Willi Heinrich is a 37-year-old German novelist whose specialty is the look, smell and sound of military defeat. He came by his competence honestly and bitterly as an infantry soldier in a fearfully mauled German division that bit deep into Russia, withdrew its remnants in broken retreat. Five wounds, Heinrich's personal quota, do not necessarily make a war novelist, but his first book, The Cross of Iron (TIME, April 23, 1956), proved that no contemporary novelist was better than he at the grisly business of describing the meat grinder of infantry combat. Crack of Doom, another look at the disintegration of German military power, is also an advanced reader for other writers about war on how to do closeups of men fighting hopelessly toward ends that are totally beyond their comprehension.
Now it is December 1944, and the Russians have driven the Germans back into Czechoslovakia. Only diehard Nazis still hope that Hitler's secret weapons will somehow turn defeat into magical victory. Czech partisans are rampant behind the German lines, settling old scores with pro-German civilians, cutting off groups of soldiers, even capturing the division commander who is trying to stem the Russian surge through the Carpathian passes.
For Sergeant Kolodzi the war has reached a harrowing personal climax.
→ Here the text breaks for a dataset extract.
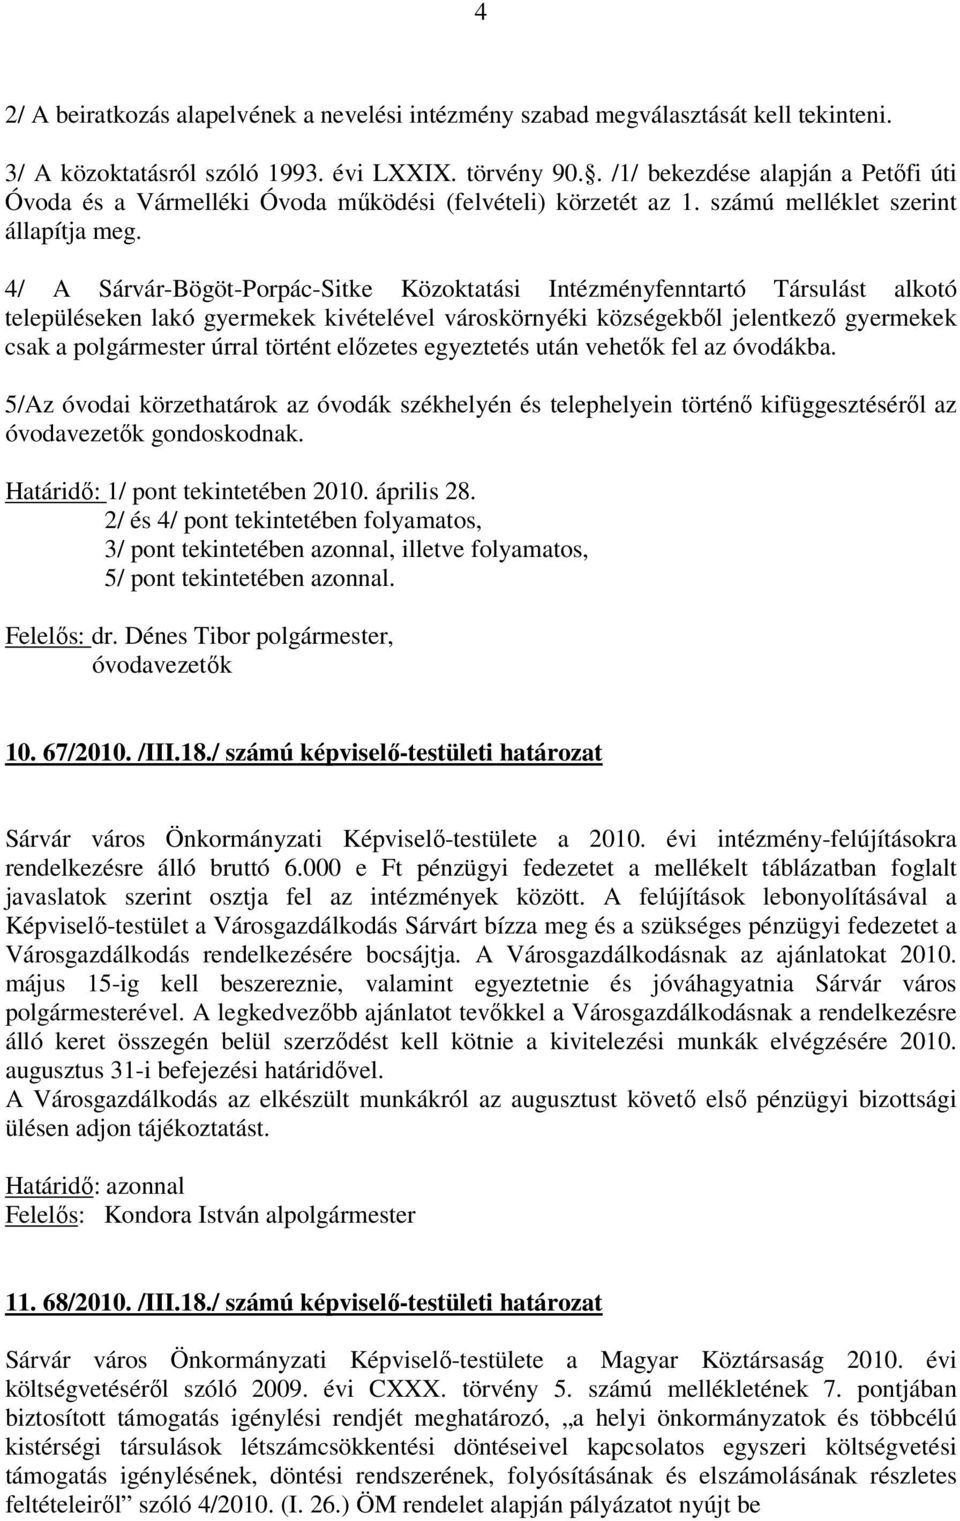 4/ A Sárvár-Bögöt-Porpác-Sitke Közoktatási Intézményfenntartó Társulást alkotó településeken lakó gyermekek kivételével városkörnyéki községekből jelentkező gyermekek csak a polgármester úrral

He is a soldier of the Wehrmacht, fighting on his home ground where his mother and his girl still live, where his father, killed by partisans, is buried. Kolodzi knows the war is finished, that the smart thing to do is to desert, get his mother and girl to safety before the Russians drive into his home town. But Kolodzi is also a first-rate soldier with a feeling of loyalty to his fellows. When he hears the opening roar of the massive Russian artillery barrage, he leaves the arms of his fiancee to return to a hopeless mission against the partisans.
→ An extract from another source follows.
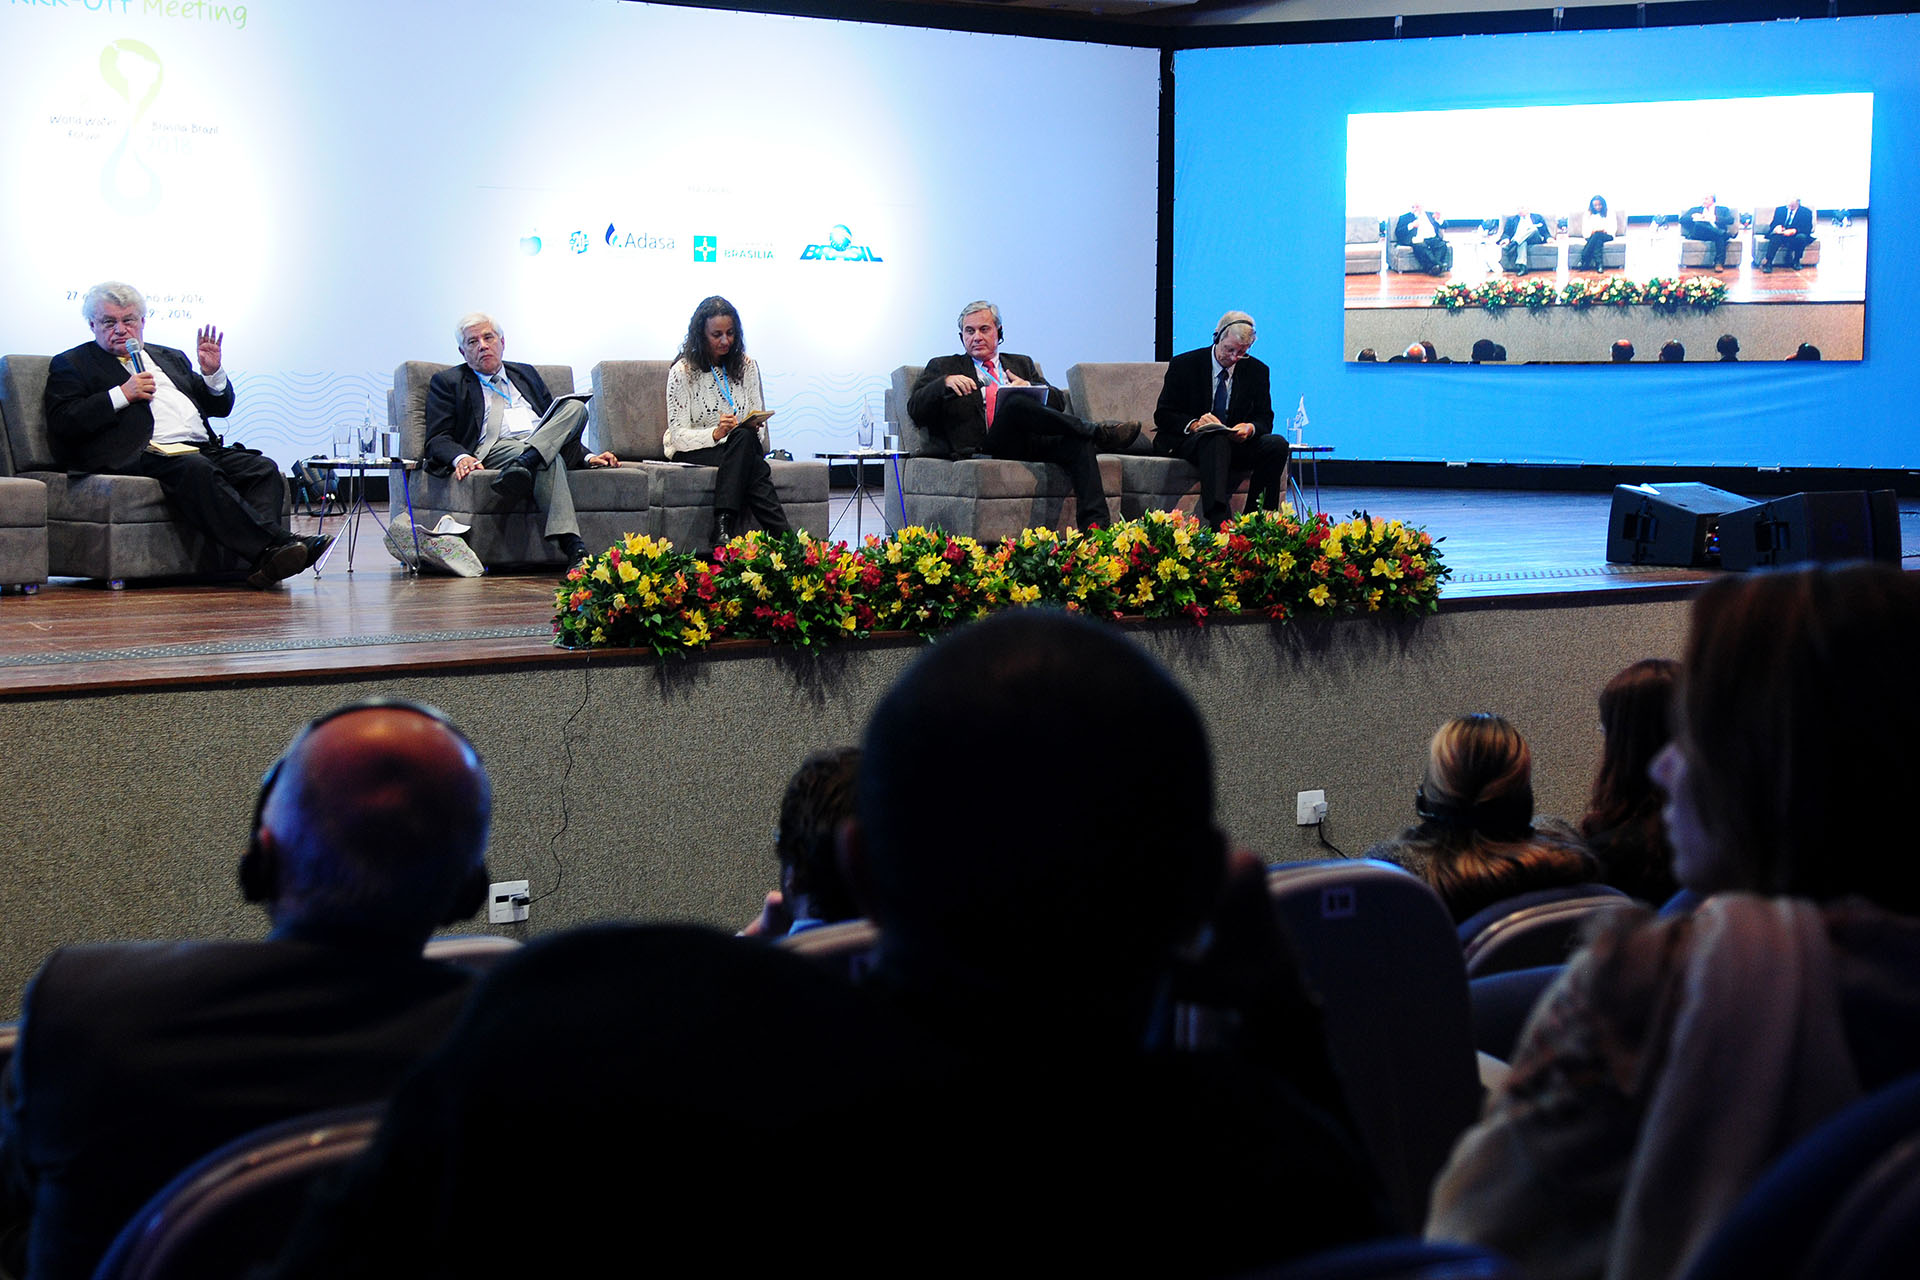 Nesta terça-feira (28), foi encerrado o Kick-off Meeting 8º Fórum Mundial da Água que ocorrerá em Brasília de 18 a 23 de março de 2018.

Author Heinrich is at his best as he describes the last-ditch stand of decimated German regiments against Russian divisions led by a hundred tanks. Towns burn, civilians are blown to bits, whole battalions are destroyed as they try to carry out orders from an incompetent division adjutant. Over the ghastly scene the snowy Carpathians loom like symbols of nature's indifference. But Heinrich neither needs nor uses literary symbolism. With a spare, brutal directness of language, he is able to show how men fight and die, convey the pressing of a trigger, the spreading stain of blood in the snow. Crack of Doom makes one thing overpoweringly clear: Infantryman Heinrich was there, and he didn't miss a thing.